Ryan O’Donnell looks so like Ray Davis that you are immediately transported back in time. His singing is perfect in intonation and style. He is suitably matched by his cohort band. The dress-wearing and fun-loving brother, Dave, who is never far from drink, drugs and women, is warmly played by Mark Newnham, the brother interaction being particularly animated and affectionate despite their differences. Garmon Rhys is excellent as the best friend, Pete Quaife, matched by an energetic Andrew Gallo as the drummer, Mick Avory. Lisa Wright is on considerable vocal and acting form as Rasa, the girl friend then wife of Davis, who I didn’t realise sang on the Kinks’ records as backing vocals.
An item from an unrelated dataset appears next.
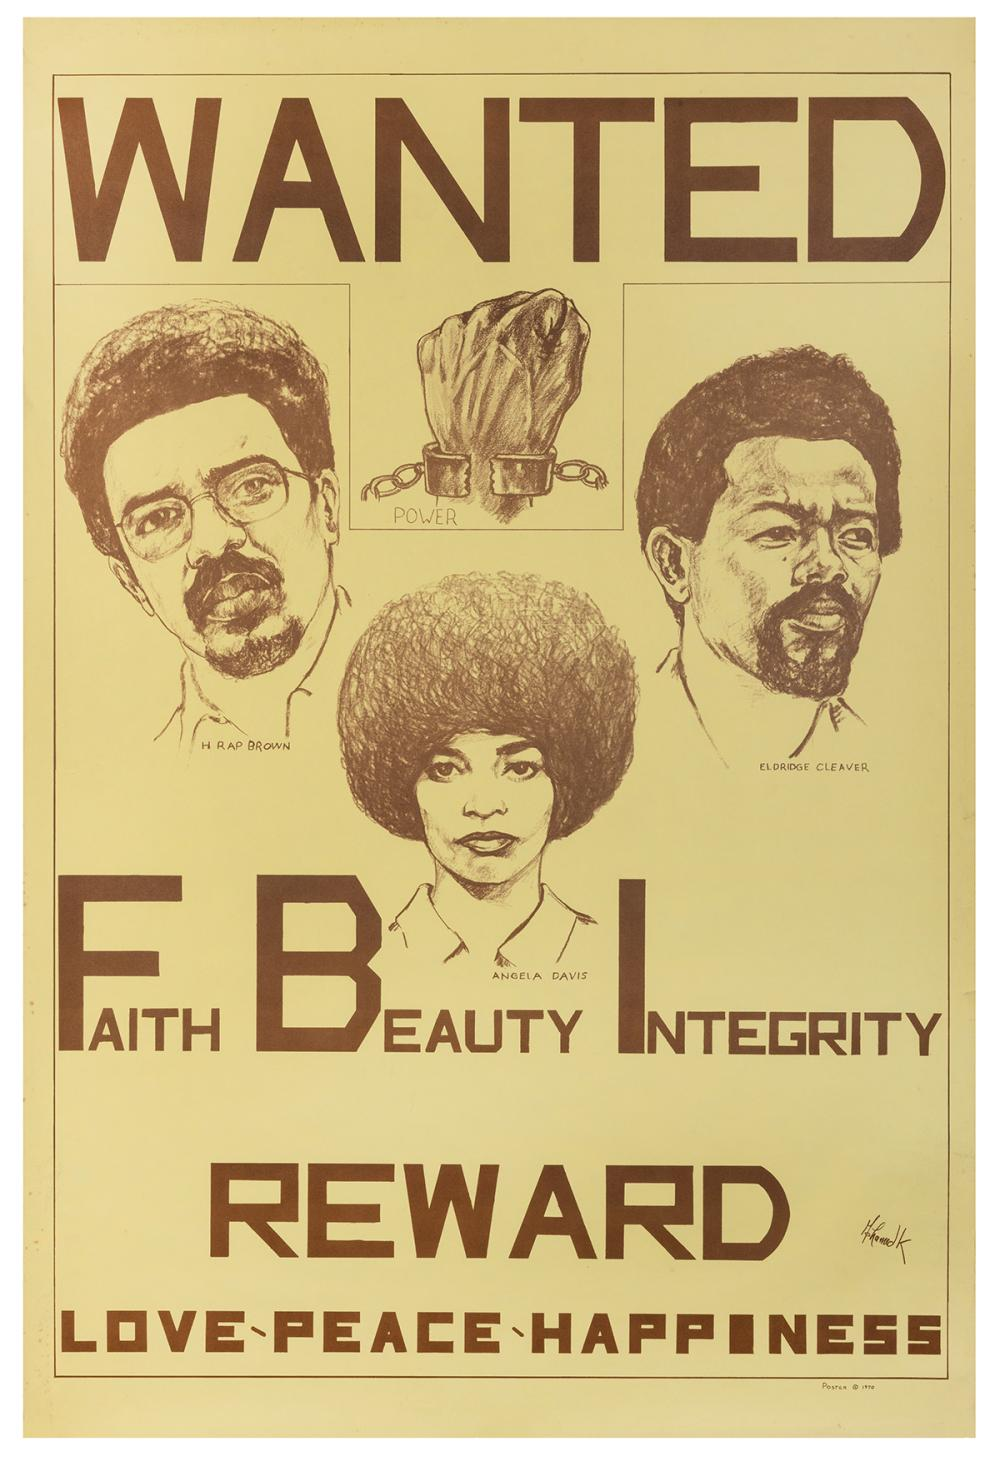 MOHAMED K. WANTED: FAITH BEAUTY INTEGRITY. REWARD: LOVE PEA...

They all seemed to age very smoothly.
The ensemble switch roles as if by magic, becoming one moment a dentist, father, mother, groupie, sly music right holders and managers. This makes the scene changes very slick, using a set of speakers covered in the American flag motif for the tour: desks, chairs, reception halls, chandeliers etc fly in and out and use of the whole front stage and a pier extension into the audience makes the whole piece feel very intimate. The guitars are very reverently handled, as are the band as a whole, each cast member also joining in with trombones and percussion where required.
No ‘Waterloo sunset’ here, just very sunny days indeed: go see!
Future performances: 7, 8 and 10 December at 2.00 and 7.30, 9 December at 7.30.